Every single time there is a flood, fire, or drought the emergency network crumbles … and that is without addressing the bone-headed idiocy of sacking unvaccinated workers. Mayors panic and call for the military. The military wonder who the heck it was that called them. Politicians don high-vis outfits and stand out in the rain to make their concern appear authentic. There’s a lot of head-shaking and solemn nodding. Today, the press is doubling down with blame centred on the Bureau of Meteorology for not warning them enough, despite a full week of click-bait screeching.

If we are, as the young generation so eloquently put it, ‘Like – the smartest generation – like – ever…’ why do these emergency events reveal an endless cycle of ill-preparedness?

The ‘it’ll never rain again’ mob of global boiling proponents are getting fainter. Instead, residents are asking, why isn’t all this water filling our dams? Will we be here in two years talking about droughts and water shortages? The answer is yes, because we have transitioned into incompetency.

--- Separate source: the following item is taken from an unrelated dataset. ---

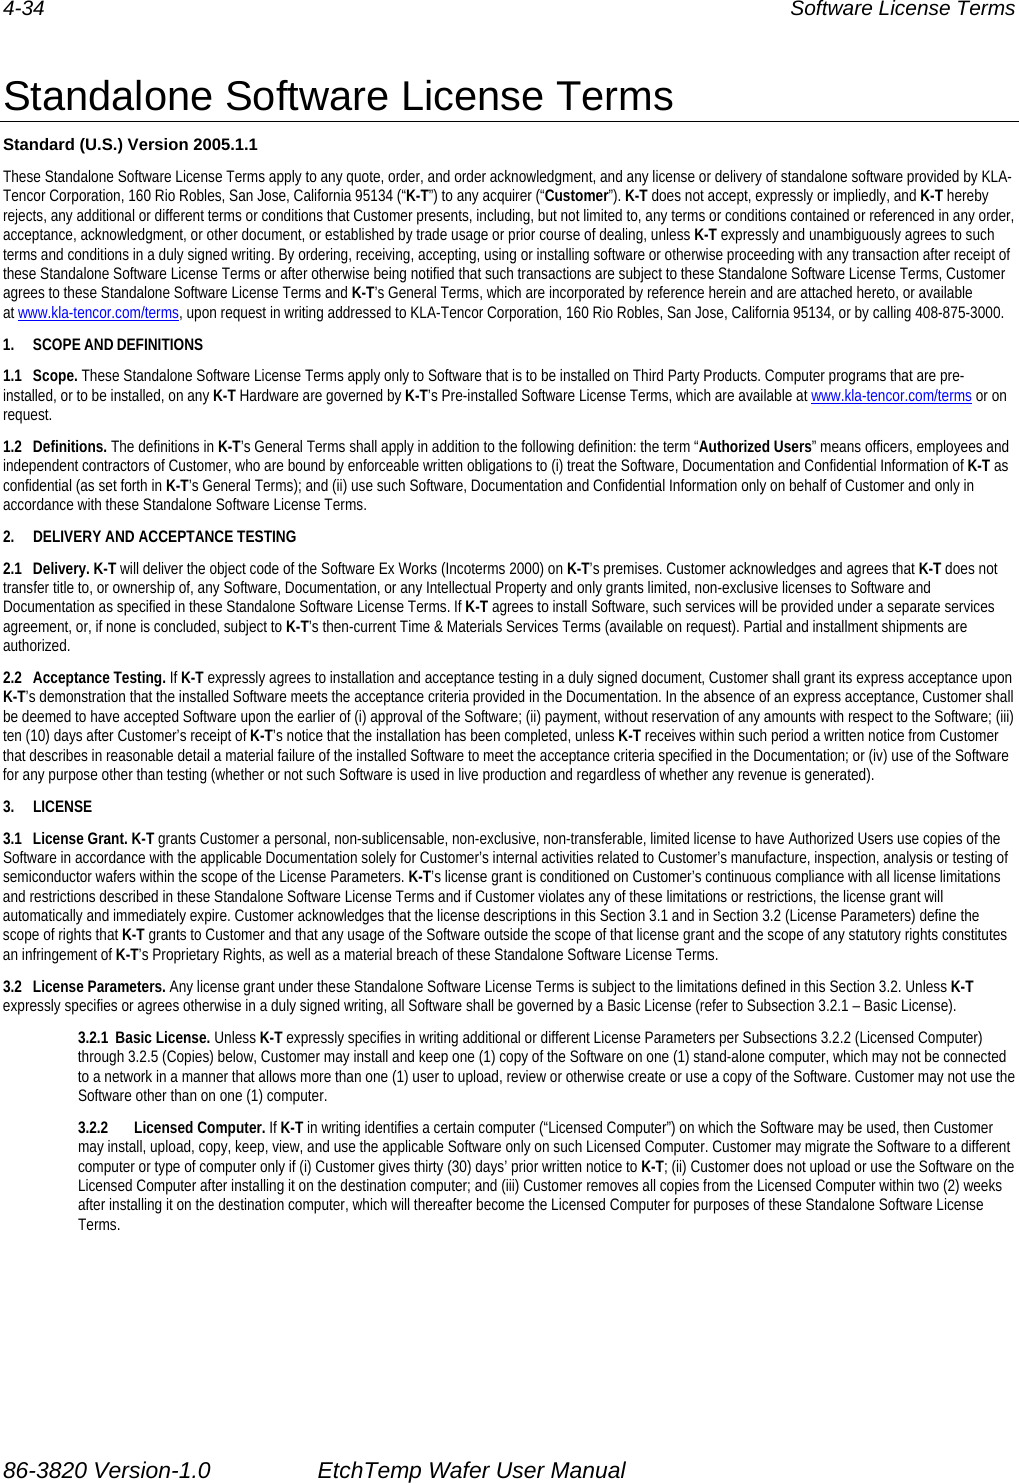 4-34  Software License Terms  Standalone Software License Terms Standard (U.S.) Version 2005.1.1 These Standalone Software License Terms apply to any quote, order, and order acknowledgment, and any license or delivery of standalone software provided by KLA-Tencor Corporation, 160 Rio Robles, San Jose, California 95134 (“K-T”) to any acquirer (“Customer”). K-T does not accept, expressly or impliedly, and K-T hereby rejects, any additional or different terms or conditions that Customer presents, including, but not limited to, any terms or conditions contained or referenced in any order, acceptance, acknowledgment, or other document, or established by trade usage or prior course of dealing, unless K-T expressly and unambiguously agrees to such terms and conditions in a duly signed writing. By ordering, receiving, accepting, using or installing software or otherwise proceeding with any transaction after receipt of these Standalone Software License Terms or after otherwise being notified that such transactions are subject to these Standalone Software License Terms, Customer agrees to these Standalone Software License Terms and K-T’s General Terms, which are incorporated by reference herein and are attached hereto, or available at www.kla-tencor.com/terms, upon request in writing addressed to KLA-Tencor Corporation, 160 Rio Robles, San Jose, California 95134, or by calling 408-875-3000. 1. SCOPE AND DEFINITIONS 1.1 Scope. These Standalone Software License Terms apply only to Software that is to be installed on Third Party Products. Computer programs that are pre-installed, or to be installed, on any K-T Hardware are governed by K-T’s Pre-installed Software License Terms, which are available at www.kla-tencor.com/terms or on request. 1.2 Definitions. The definitions in K-T’s General Terms shall apply in addition to the following definition: the term “Authorized Users” means officers, employees and independent contractors of Customer, who are bound by enforceable written obligations to (i) treat the Software, Documentation and Confidential Information of K-T as confidential (as set forth in K-T’s General Terms); and (ii) use such Software, Documentation and Confidential Information only on behalf of Customer and only in accordance with these Standalone Software License Terms. 2.  DELIVERY AND ACCEPTANCE TESTING 2.1 Delivery. K-T will deliver the object code of the Software Ex Works (Incoterms 2000) on K-T’s premises. Customer acknowledges and agrees that K-T does not transfer title to, or ownership of, any Software, Documentation, or any Intellectual Property and only grants limited, non-exclusive licenses to Software and Documentation as specified in these Standalone Software License Terms. If K-T agrees to install Software, such services will be provided under a separate services agreement, or, if none is concluded, subject to K-T’s then-current Time &amp; Materials Services Terms (available on request). Partial and installment shipments are authorized. 2.2 Acceptance Testing. If K-T expressly agrees to installation and acceptance testing in a duly signed document, Customer shall grant its express acceptance upon K-T’s demonstration that the installed Software meets the acceptance criteria provided in the Documentation. In the absence of an express acceptance, Customer shall be deemed to have accepted Software upon the earlier of (i) approval of the Software; (ii) payment, without reservation of any amounts with respect to the Software; (iii) ten (10) days after Customer’s receipt of K-T’s notice that the installation has been completed, unless K-T receives within such period a written notice from Customer that describes in reasonable detail a material failure of the installed Software to meet the acceptance criteria specified in the Documentation; or (iv) use of the Software for any purpose other than testing (whether or not such Software is used in live production and regardless of whether any revenue is generated). 3. LICENSE 3.1 License Grant. K-T grants Customer a personal, non-sublicensable, non-exclusive, non-transferable, limited license to have Authorized Users use copies of the Software in accordance with the applicable Documentation solely for Customer’s internal activities related to Customer’s manufacture, inspection, analysis or testing of semiconductor wafers within the scope of the License Parameters. K-T’s license grant is conditioned on Customer’s continuous compliance with all license limitations and restrictions described in these Standalone Software License Terms and if Customer violates any of these limitations or restrictions, the license grant will automatically and immediately expire. Customer acknowledges that the license descriptions in this Section 3.1 and in Section 3.2 (License Parameters) define the scope of rights that K-T grants to Customer and that any usage of the Software outside the scope of that license grant and the scope of any statutory rights constitutes an infringement of K-T’s Proprietary Rights, as well as a material breach of these Standalone Software License Terms. 3.2 License Parameters. Any license grant under these Standalone Software License Terms is subject to the limitations defined in this Section 3.2. Unless K-T expressly specifies or agrees otherwise in a duly signed writing, all Software shall be governed by a Basic License (refer to Subsection 3.2.1 – Basic License). 3.2.1 Basic License. Unless K-T expressly specifies in writing additional or different License Parameters per Subsections 3.2.2 (Licensed Computer) through 3.2.5 (Copies) below, Customer may install and keep one (1) copy of the Software on one (1) stand-alone computer, which may not be connected to a network in a manner that allows more than one (1) user to upload, review or otherwise create or use a copy of the Software. Customer may not use the Software other than on one (1) computer. 3.2.2 Licensed Computer. If K-T in writing identifies a certain computer (“Licensed Computer”) on which the Software may be used, then Customer may install, upload, copy, keep, view, and use the applicable Software only on such Licensed Computer. Customer may migrate the Software to a different computer or type of computer only if (i) Customer gives thirty (30) days’ prior written notice to K-T; (ii) Customer does not upload or use the Software on the Licensed Computer after installing it on the destination computer; and (iii) Customer removes all copies from the Licensed Computer within two (2) weeks after installing it on the destination computer, which will thereafter become the Licensed Computer for purposes of these Standalone Software License Terms. 86-3820 Version-1.0  EtchTemp Wafer User Manual

Floods in the North are part of the natural cycle – it’s the reason the whole place looks like the Garden of Eden.

Once again, the locals are left to rescue each other, just as we had to on the Mid North Coast when the fire truck was stuck in ankle deep water at the top of the road while locals waded through with tractors and utes, and helicopters took photos for the news instead of dropping food.

Everyone knows that a slow-moving, low category cyclone brings excessive amounts of rain. Authorities have failed the people of Cairns and they are doing everything in their power to nudge the blame away from themselves. Do not let them.